'Quem vai cuidar da criança agora?', diz vizinha de vítima de chacina em Portão

Mãe e esposa de Arthur desmaiaram durante enterro, nesta quarta (22)

Publicado em 22 de maio de 2019 às 17:41

- Atualizado há um ano

. Crédito: Júlia Vigné/CORREIO

O Cemitério Municipal de Portão, em Lauro de Freitas, Região Metropolitana de Salvador, ficou lotado na tarde desta quarta-feira (22), durante o enterro do pintor Arthur Silva de Jesus Moreira, 23. Ele é uma das vítimas do crime que ficou conhecido como Chacina de Portão, que ocorreu no sábado (18).

Arthur foi a sexta e última vítima a ser enterrada. Ele chegou a ficar dois dias internado no Hospital do Subúrbio, mas a morte cerebral foi confirmada na segunda-feira (20). O jovem foi atingido com um tiro na cabeça quando estava na porta de casa, com o filho de quatro meses nos braços. A criança não sofreu ferimentos.

Em clima de comoção e com pedidos de justiça, familiares, amigos e vizinhos foram ao cemitério para o sepultamento de Arthur, que contou com uma cerimônia na capela do local. Mais de 40 pessoas tiveram que acompanhar o enterro de fora do cemitério. Dentre eles estavam parentes de outras vítimas da chacina, como o marido e o filho de Raimunda Jesus dos Santos, 35, que não quiseram dar entrevistas.

Familiares mais próximos de Arthur foram ao local vestidos com blusas em homenagem ao pintor, com dizeres "Nosso herói estará em nossos corações". Muito emocionadas, a mãe e a esposa de Arthur chegaram a desmaiar durante o enterro e também não quiseram falar com a imprensa."Ele era pai de família. A mãe dele cuidava bem dele, ele era trabalhador. Morreu tentando salvar o filhinho, que Deus teve misericórdia de não levar junto. Ele deixou a esposa sozinha. Quem vai cuidar dela e da criança agora? A mãe que vai ter que dar suporte", lamentou a vizinha Lorete de Barros, 43.Durante o enterro, muitos cânticos cristãos foram entoados pelos presentes, que aplaudiram a todo o momento. Muitas pessoas passaram mal e pelo menos uma outra pessoa desmaiou e precisou ser levada para uma casa próxima, que prestou auxílio.  Amigos, vizinhos e familiares prestaram solidariedade (Foto: Júlia Vigné/CORREIO) Medo e rotina abalada Abalados com o crime, vizinhos, que preferiram não se identificar, criticaram o policiamento e segurança pública de Portão. "Tinha umas 9, 10 pessoas lá na frente. Poderia ter morrido muito mais gente. O carro preto chegou atirando. Correu muita gente, a sorte foi essa. Ali é rua de família", disse um deles.
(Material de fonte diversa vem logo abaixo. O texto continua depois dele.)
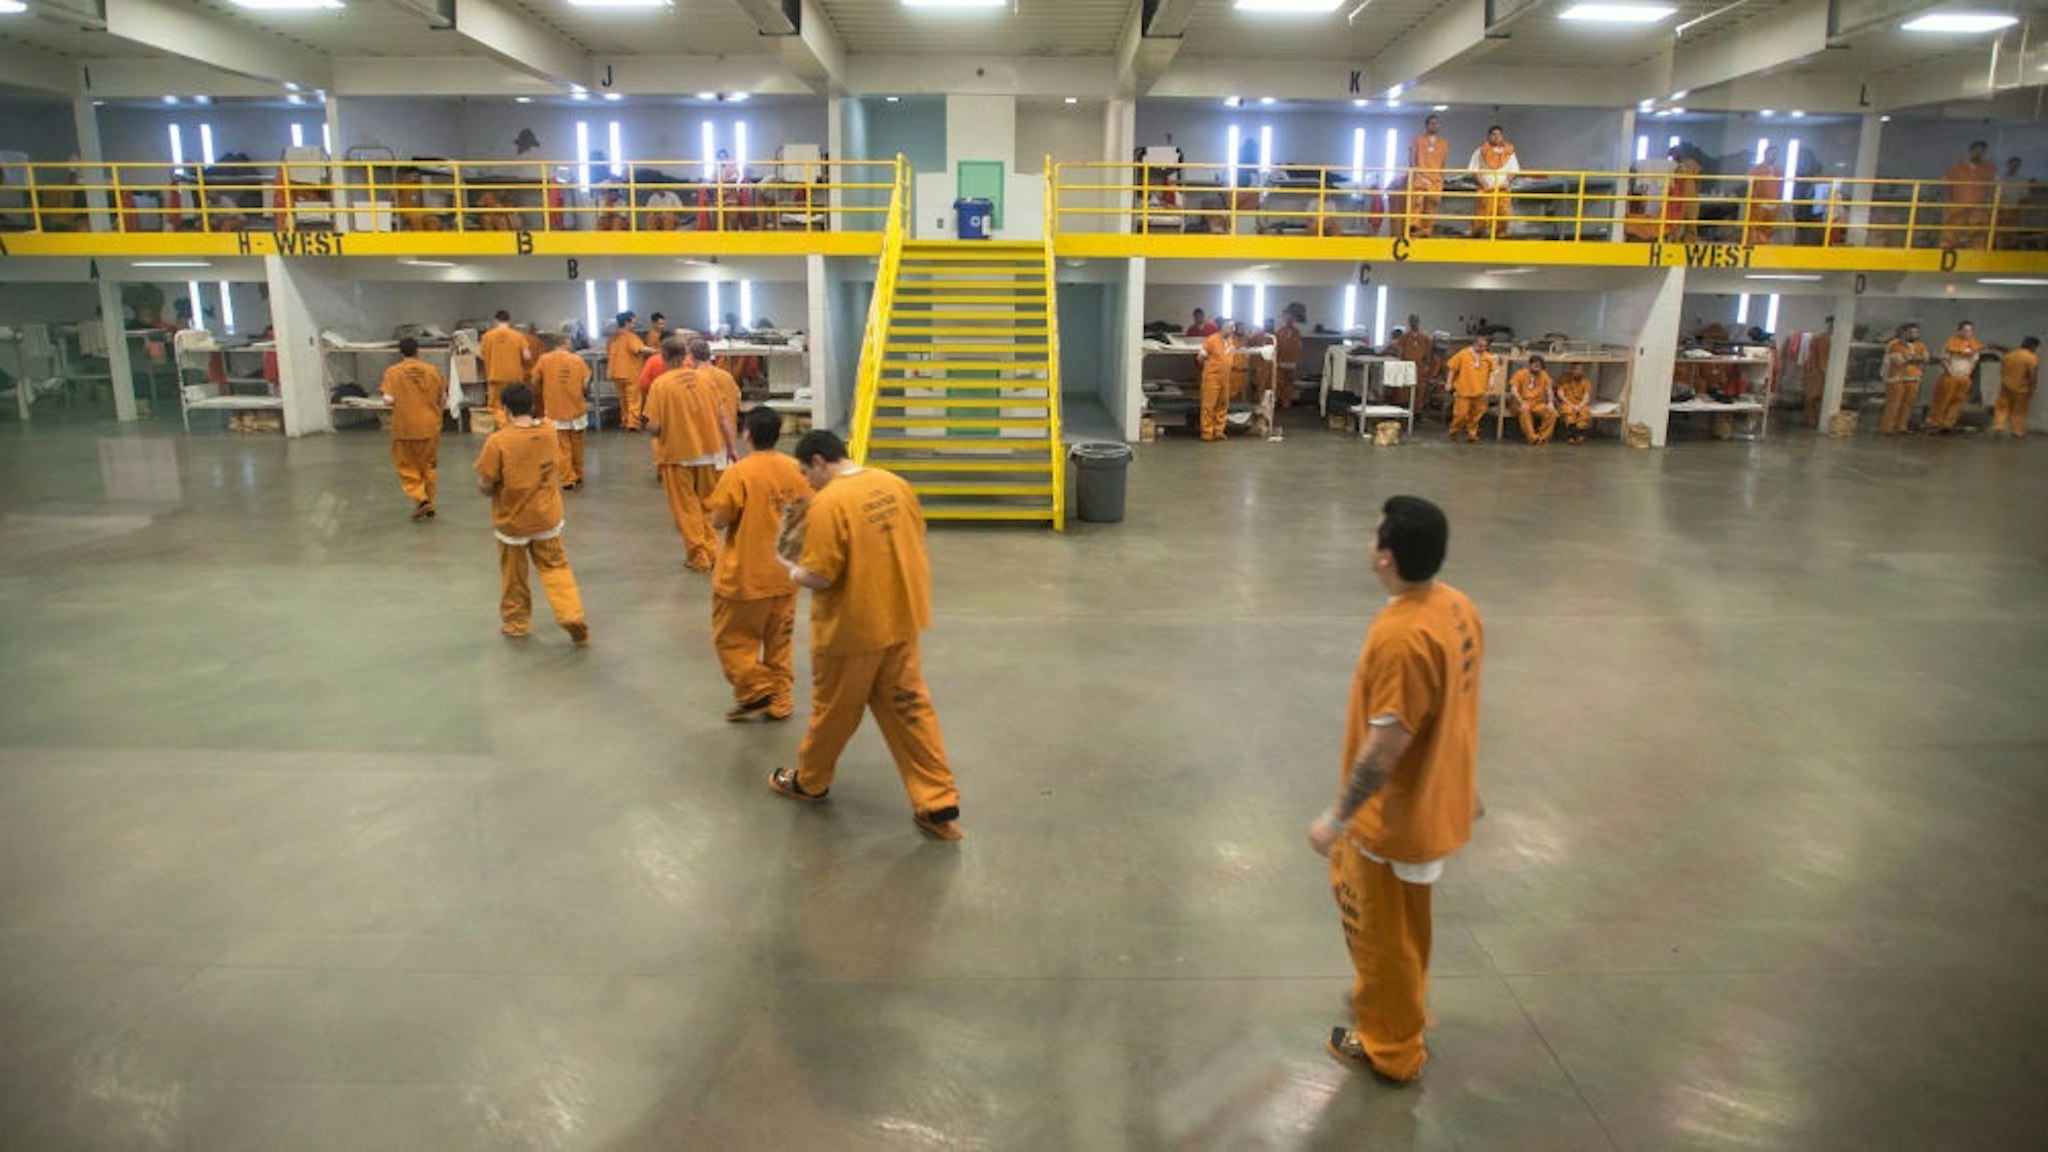 ORANGE, CA - MARCH 14: Detainees in a barrack holding area at the Theo Lacy Facility in Orange, California, on Tuesday, March 14, 2017. The Orange County sheriff conducted a media tour of the jail that included the intake area, the kitchen, an isolation unit and a modular holding area. (Photo by Jeff Gritchen/Digital First Media/Orange County Register via Getty Images)

Um outro vizinho lembrou que era um hábito das vítimas se reunirem em frente à casa onde ocorreu o crime."Eles sentavam ali para tomar café e continuavam na frente de casa. Eles vão até tirar do lugar o banco que ficava ali, porque faz lembrar de toda essa tragédia. Esse costume acabou", lamentou.Na chacina, morreram Guilherme Gomes da Silva, 19, a adolescente Raiane Freitas, 12, Raimunda Jesus dos Santos, 35, Rogério Oliveira da Silva, 36, e Pablo dos Santos, 15. Os três primeiros eram da mesma família e os demais vizinhos.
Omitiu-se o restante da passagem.